El llanto en silencio y el desgarrador dolor de pueblos y valles de montaña inundados, se trasformó, gracias a la lucha de la Coordinadora de Afectados por Grandes Embalses y Trasvases (COAGRET), en indignación colectiva y en un movimiento sin precedentes de defensa del territorio y de la identidad pirenaica. Porque la protección de la montaña es consustancial a la protección del futuro y el derecho de sus habitantes a vivir en su tierra.
El primer paso fue conseguir la solidaridad de los pueblos vecinos, tanto con Artieda en la Jacetania, como con Jánovas en el Sobrarbe, con Santaliestra en la Ribagorza, y con Biscarrués en la Galliguera.
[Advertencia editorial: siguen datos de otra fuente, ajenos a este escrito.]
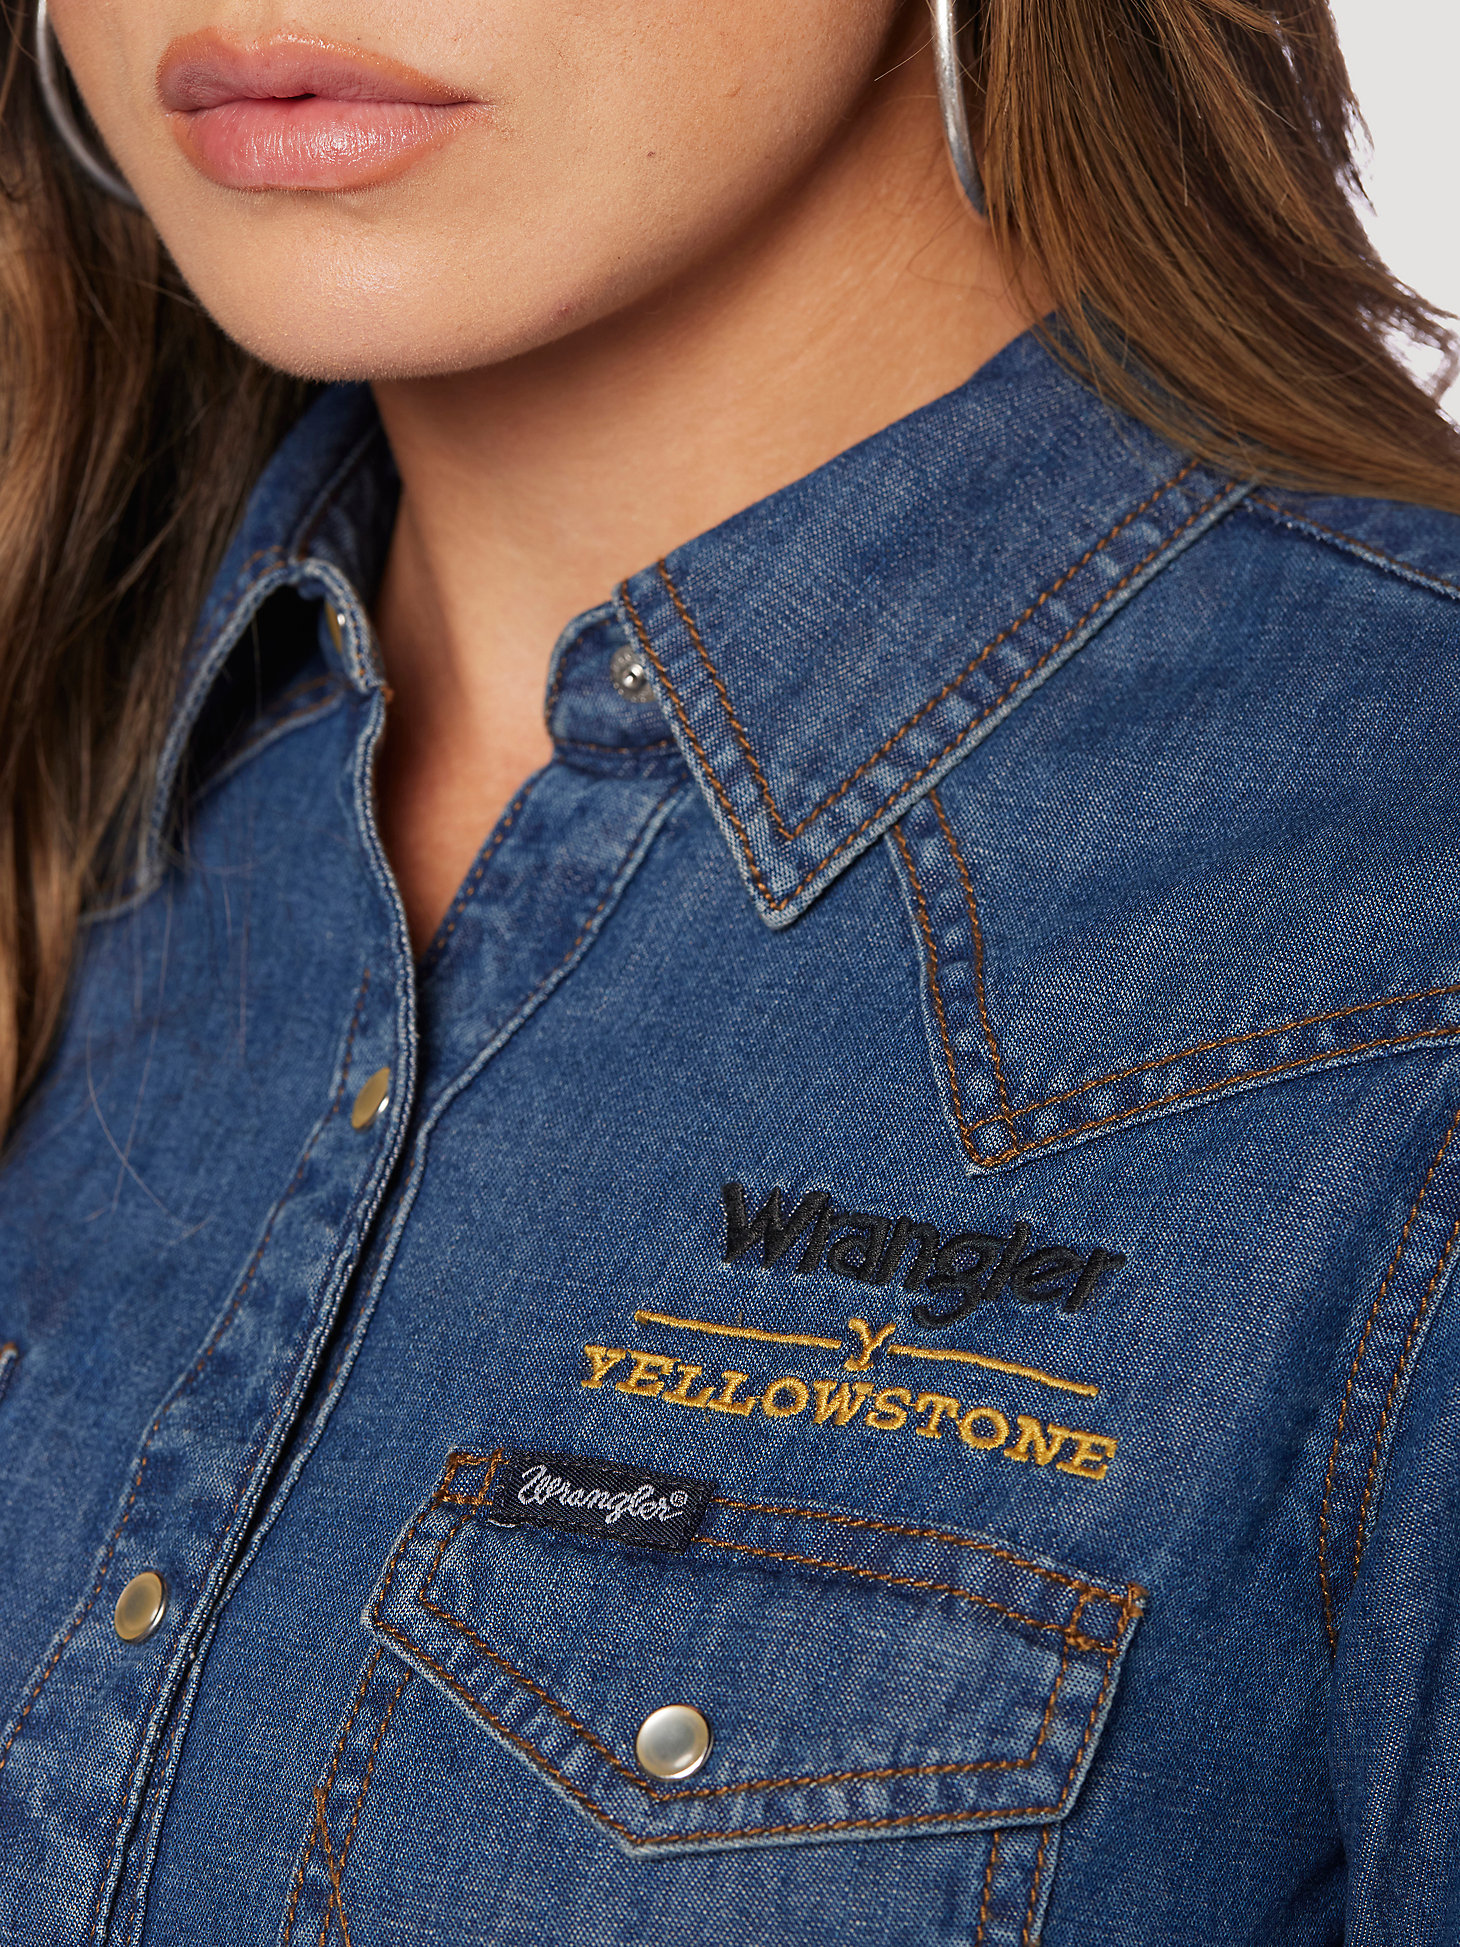 Wrangler x Yellowstone Women's Metallic Screen Print Denim Shirt in Dark Wash alternative view 2

La firma del Manifiesto por la Dignidad de la Montaña, en Boltaña, supuso un paso más allá de la solidaridad, al levantar un movimiento de orgullo colectivo en el que todos y todas, en los valles pirenaicos, se sentían víctimas de un trato injusto, y lloraban emocionados con la Habanera Triste de la Ronda de Boltaña.
Cuando a pesar de las masivas manifestaciones en cada una de las cuatro comarcas, el Gobierno aceleró los trámites para recrecer Yesa y construir los embalses de Biscarrués, Jánovas y Santaliestra, la huelga de hambre progresiva de 1 mes, que acabó con 20.000 aragoneses en las calles de Zaragoza, supuso un nuevo paso, transformando esa explosión de dignidad pirenaica en un movimiento ciudadano a nivel de todo Aragón, que se extendería por el Valle del Ebro, frente a la amenaza de los Trasvases, bajo la bandera de la Nueva Cultura del Agua.
Un movimiento que acabaría llegando a Bruselas, con la Marcha Azul, para bloquear los Fondos Europeos con los que el Gobierno pretendía financiar los Trasvases del Ebro y los embalses que debían almacenar las aguas a trasvasar… La lucha de COAGRET, permitió vertebrar la identidad pirenaica, uniendo pueblos y valles, para acabar liderando un movimiento ciudadano que desbordó fronteras, reivindicando ríos vivos y el derecho de los pueblos de la montaña a vivir en sus valles, en paz.